Taoiseach (Prime Minister) Enda Kenny had the support of the country in his first two years, reversing the tide of the daily scandals over the unholy alliance of speculators, incompetent bank overseers and seemingly financially illiterate Fianna Fail government ministers who failed to see the catastrophe coming.
Kenny’s achievement was to build confidence and competence, and get the European debt masters off the country’s back.
But the austerity measures may have gone too far, coupled with the first big scandal over recently fired Justice Minister Alan Shatter. Kenny suddenly finds himself vulnerable in the extreme.
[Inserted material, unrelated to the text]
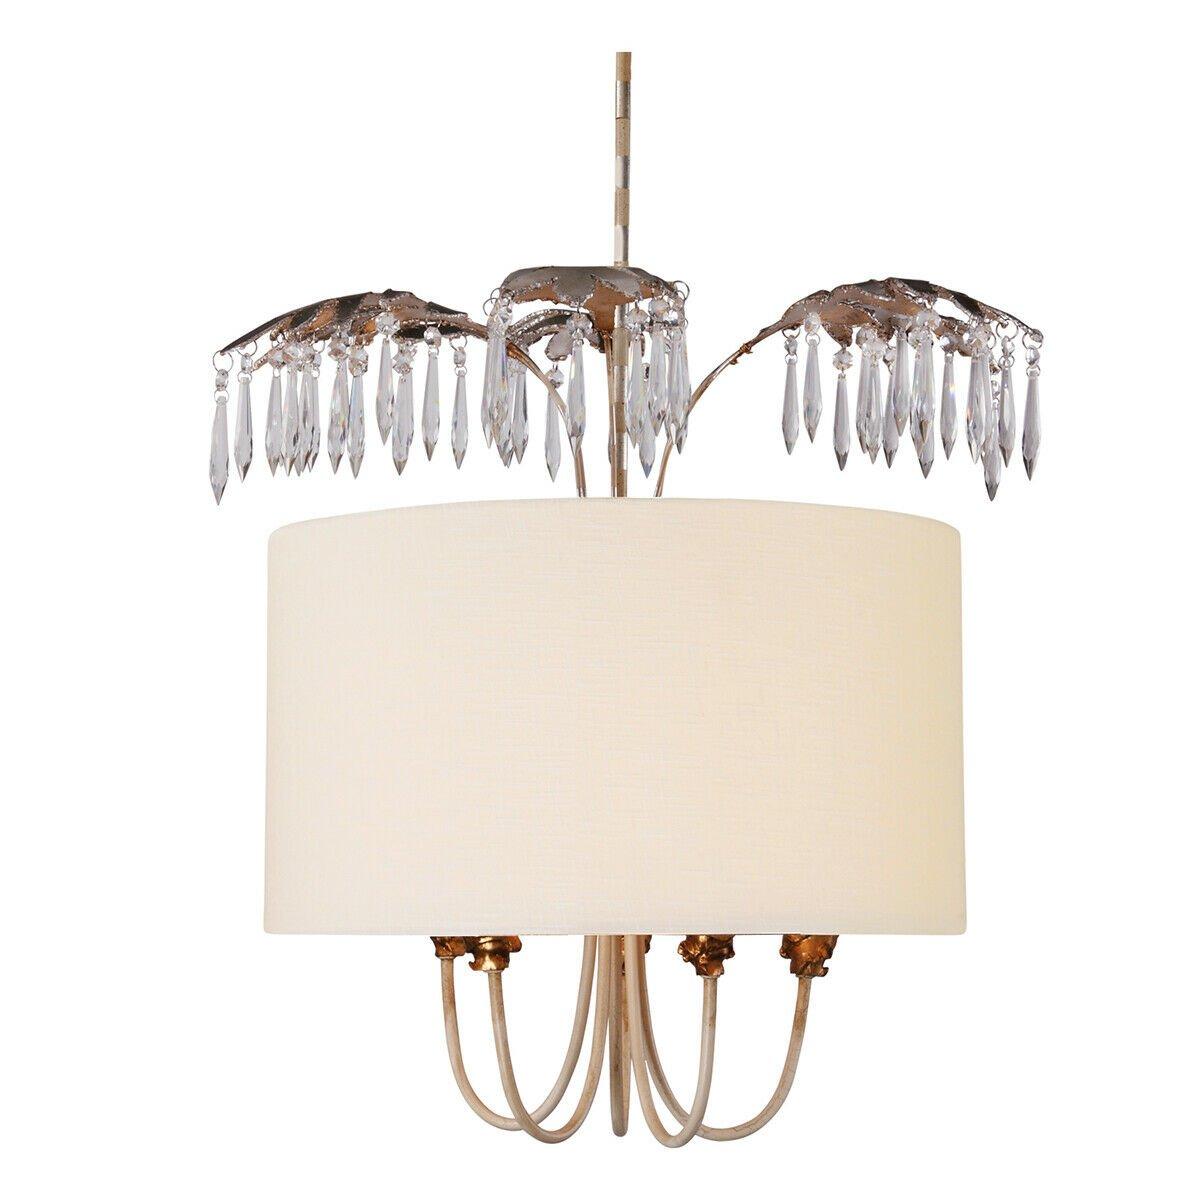 5 Bulb Ceiling Pendant Light Fitting Cream Patina Gold & Silver Leaf LED E14 40W

With old rival Fianna Fail making a decent comeback in the election, Sinn Fein soaring and his coalition partner Eamon Gilmore being booted from the leadership of the Labor Party which was essentially wiped out by an angry electorate, Kenny has much to ponder.
Sinn Fein as a partner in government either with Fianna Fail or Fine Gael suddenly looms a possibility.
But Adams is far too astute a politician to aim his party at any such arrangement. The fate of junior partners in coalition governments has been dire, with Labor, the Greens and the Progressive Democrats essentially annihilated and blamed for the government’s problems.
The tectonic plates have shifted forever in Irish politics after this election. Where they end up settling after the next election is anyone’s guess.